Sato Corporation this week started notifying victims of an October 2025 data breach that compromised names, email addresses, postal addresses, telephone numbers, and customer accounts.
Sato said hackers exploited a zero-day vulnerability in the Oracle E-Business Suite software, which large enterprises use to manage finances and human resources. Sato said the infected system contained orders, shipping and delivery info, and accounts receivable and payable. It does not include passwords or product info.
Ransomware group Clop (“Cl0p”) took credit for the breach in a post on its data leak site.
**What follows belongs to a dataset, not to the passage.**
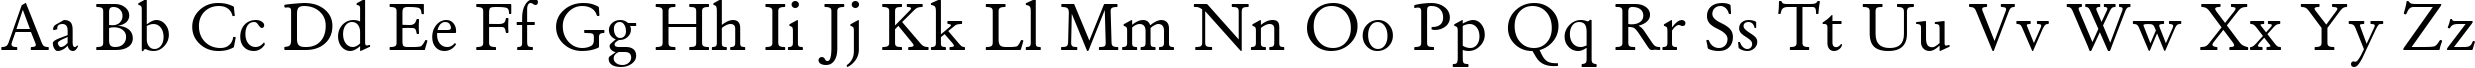 Пример написания английского алфавита шрифтом Garamond Antiqua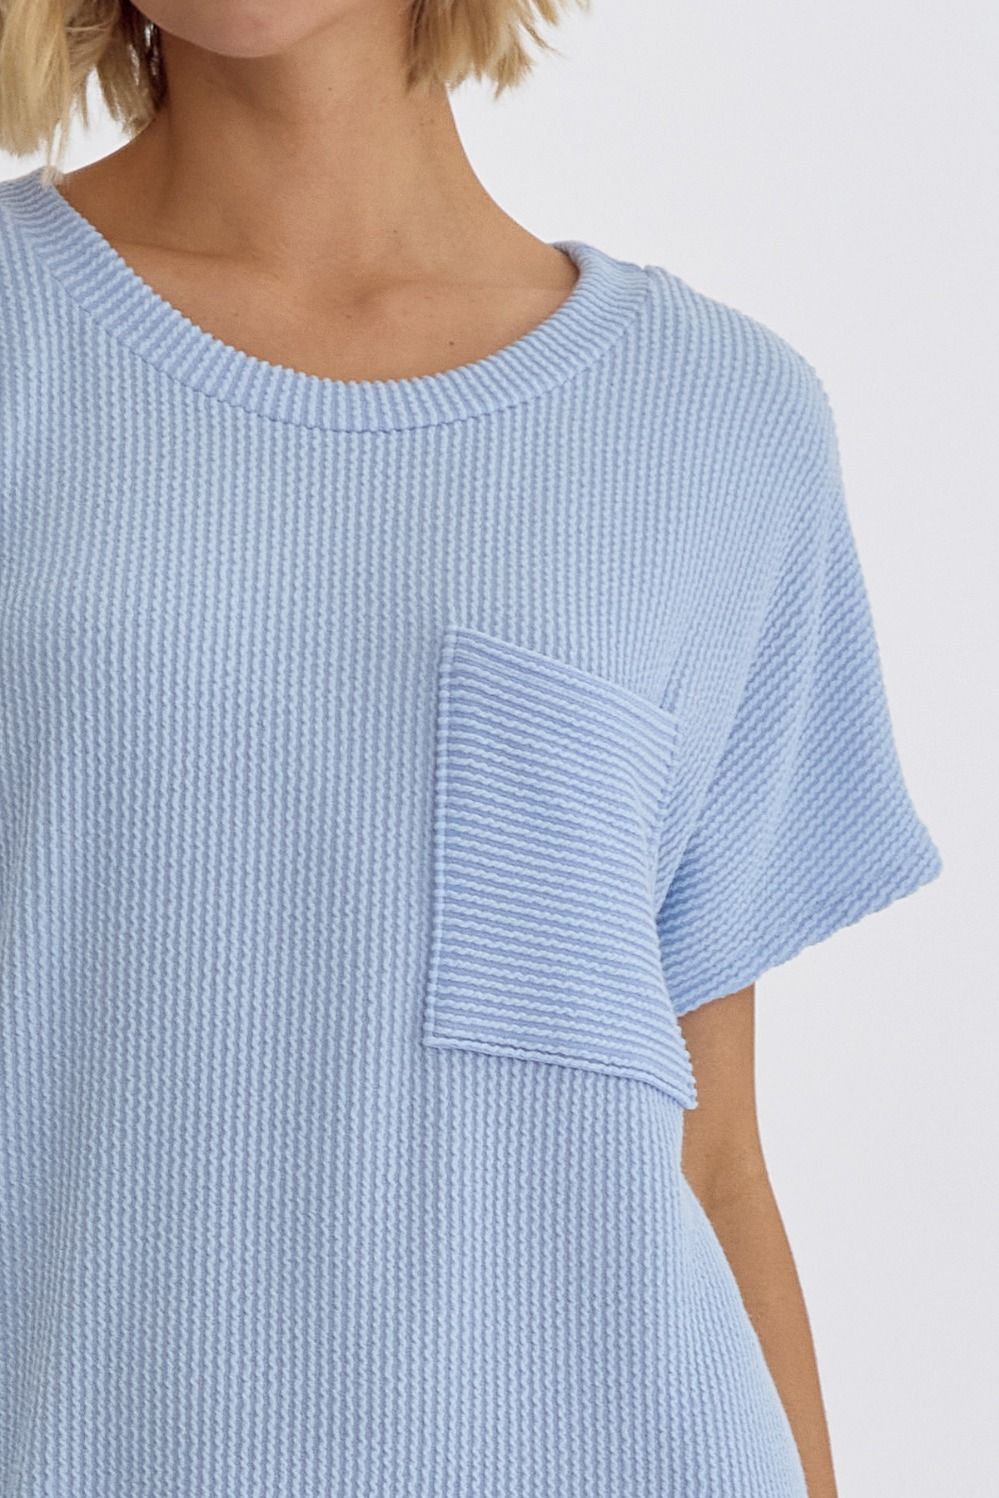 Entro | Light Blue T-Shirt Dress | Sweetest Stitch Online Boutique

Clop recently claimed responsibility for a spate of data breaches that exploited the same Oracle vulnerability.
Sato has not verified Clop’s claim. We do not know if SATO did or will pay a ransom, how much Clop demanded, or how attackers breached the company’s network. Comparitech contacted SATO for comment and will update this article if it replies.
“At 09:35 AM (UTC) on Sunday, October 12, 2025, we received a report from the service provider managing our cloud service environment that a cyberattack had exploited a zero-day vulnerability (CVE-2025-61882) in Oracle E-Business Suite,” says Sato’s notice (PDF) to victims.
“Preparation for the attack was detected in early July 2025, and the initial intrusion occurred in August 2025. During this time, unauthorized access was gained, and confidential information may have been exfiltrated.”
Sato says the attack affected its businesses in Japan, the USA, Singapore, Malaysia, Europe, and the UK.
Who is Clop?
Clop, or Cl0p, is a high-profile ransomware group that first surfaced in 2019. It specializes in exploiting zero-day software vulnerabilities, most recently in Oracle’s E-Business Suite and the Cleo file transfer software. Cl0p targets any organization using the vulnerable software. Like some other ransomware groups, Clop doesn’t always encrypt files. Instead, Clop steals data and then demands a ransom to not publish or sell it.
Clop has taken credit for 384 attacks so far this year, 11 of which have been confirmed by the targeted organizations.
In addition, Cl0p says it hacked these nine organizations that all cited the Oracle vulnerability in their breach disclosures:
- Harvard University
- Wits University
- Envoy Air
- Ansell Limited
- The Washington Post
- GlobalLogic
- Hampton Roads Sanitation District
- David Yurman Enterprises
Ransomware attacks on manufacturers
Comparitech researchers have logged 137 confirmed ransomware attacks on manufacturers in 2025 to date, plus 1,093 unconfirmed claims that haven’t been publicly acknowledged by the targeted organizations. The average ransom demand is $1.39 million.
The largest such breach hit another Japanese company, Nippon Ceramic, which notified 38,500 people in the wake of an April 2025 attack claimed by NightSpire.
The largest ransom was also demanded from a Japanese company. Elematec Corporation said personal data was compromised after ransomware group Devman demanded $10 million in May 2025.
Ransomware attacks on manufacturers can steal data and lock down computer systems. In Clop’s case, it might just be the former. Data extortion forces businesses to pay a ransom for the ransomware gang to delete the stolen data. If the company doesn’t pay, then the ransomware group sells or publicly releases the data.
About Sato Corporation
Sato Corporation ($6287.T) makes printers, hand labelers, stickers, labels, magnetic cards, IC tags, tickets, and software for other businesses. It employs nearly 6,000 people around the world, according to external sources.